Ich werde mal versuchen einen anderen Nadeleinschub aufzutreiben, wobei das nicht ganz einfach ist.
Jedenfalls schonmal vielen Dank für den Input bisher !

Gruß Sebi
8erberg
Inventar
#10 erstellt: Heute, 08:04
Hallo,

hast Du höhere Auflagekraft/Antiskating probiert?

Peter
einstein-2
Inventar
#11 erstellt: Heute, 08:34
Hallo Themenersteller
Überprüfe mal, ob der Nadeleinschub formschlüssig
Im System sitzt. Sollte dieser wackeln, könnte dies
auch Vibrationen erzeugen.
scerms
Stammgast
#12 erstellt: Heute, 08:38

8erberg (Beitrag #10) schrieb:

hast Du höhere Auflagekraft/Antiskating probiert?


Ups, das habe ich gestern versäumt, wird nach der Arbeit nachgeholt. Viel ist da aber nicht mehr drin, kann maximal auf 2 gehen...(Momentan 1.5)


einstein-2 (Beitrag #11) schrieb:

Überprüfe mal, ob der Nadeleinschub formschlüssig
Im System sitzt.


Der sitzt schön "schnack" drauf.
sealpin
Inventar
#13 erstellt: Heute, 08:59
Wenn der Tonabnehmer hörbar mit klingt, ggf. sogar die Resonanzen am gesamten Tonarm zu hören oder zu fühlen sind, dann passt der Tonabnehmer mit seiner Nadelnachgiebigkeit nicht zum Tonarm.
scerms
Stammgast
#14 erstellt: Heute, 09:40
Das wird wohl so sein.
Leider gibt es zur Nadelnachgiebigkeit der Nachbaunadel keine Angaben, ebenso wenig zur Masse des Tonarms.
Der Tonarm ist recht ähnlich zum Sansui SR636/838, die gelten wohl als mittelschwer...
Ich habe eben einen anderen Nadeleinschub bei Thakker bestellt und werde berichten, ob sich was ändert.
Ich werde auch heute Abend mal die Auflagekraft erhöhen und ebenfalls berichten.

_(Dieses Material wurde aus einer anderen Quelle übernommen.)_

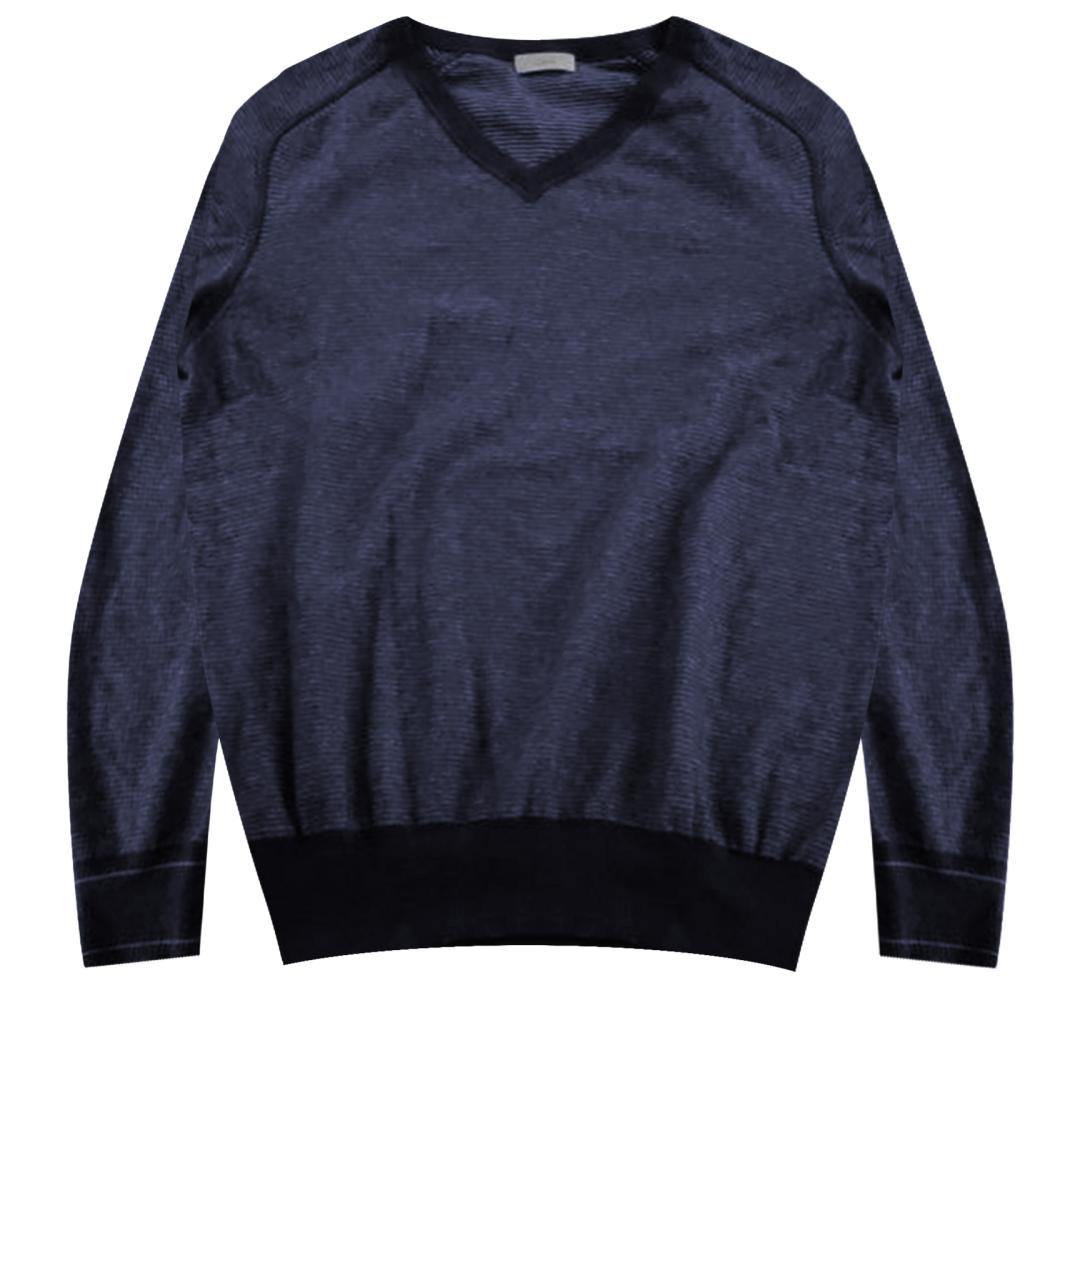 MALO Синий кашемировый джемпер / свитер, фото 1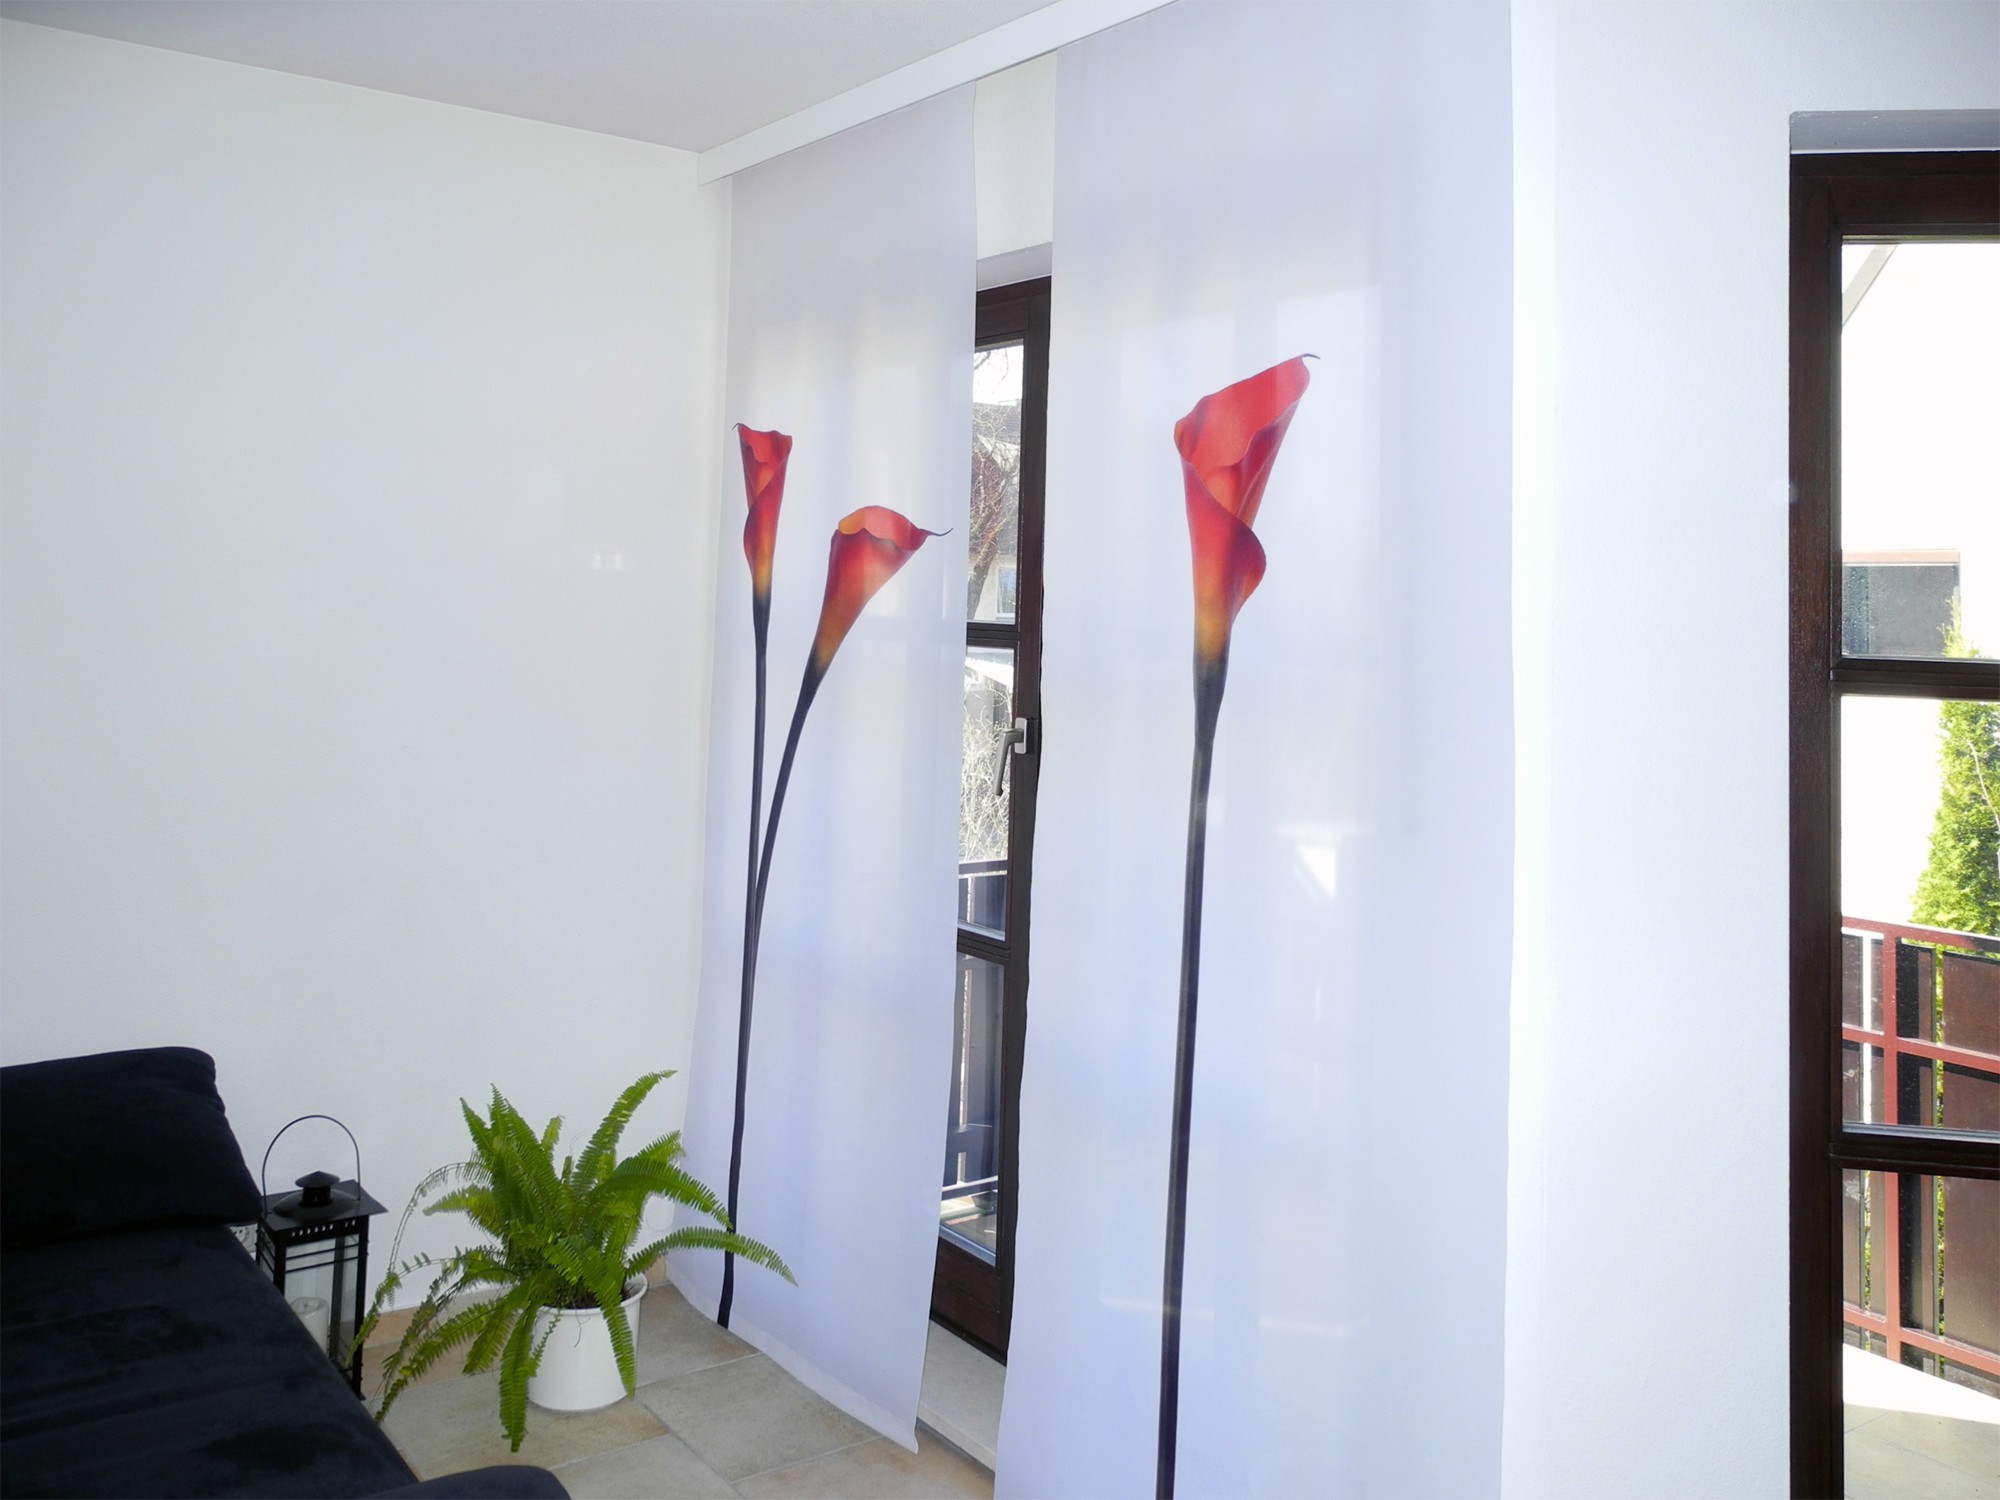 Bedruckte Vorhänge Foto Schiebegardinen Fotolamellen stilisierte Blumenmotive modernes Raumdesign

Nur zum Verständnis: wenn die Nadelnachgiebigkeit nicht zum Tonarm passt und diese Resonanzen verursacht, brauche ich einen "weicheren" Einschub mit >mehr< Nachgiebigkeit, richtig?
Bzw. andersherum, diese Nadel braucht einen Tonarm mit mehr Masse?

Gruß Sebi
sealpin
Inventar
#15 erstellt: Heute, 10:04
Korrekt.

Ist die Nadel „zu hart“ (niedrige Compliance) für deinen eher leichten Arm, liegt die Resonanzfrequenz zu hoch – dann bräuchtest du entweder einen weicheren Einschub (höhere Compliance) oder einen Tonarm mit mehr effektiver Masse.
Umgekehrt: Eine sehr weiche, hochcompliance Nadel gehört eher an einen leichten Arm; an einem schweren Arm rutscht die Resonanz zu weit nach unten.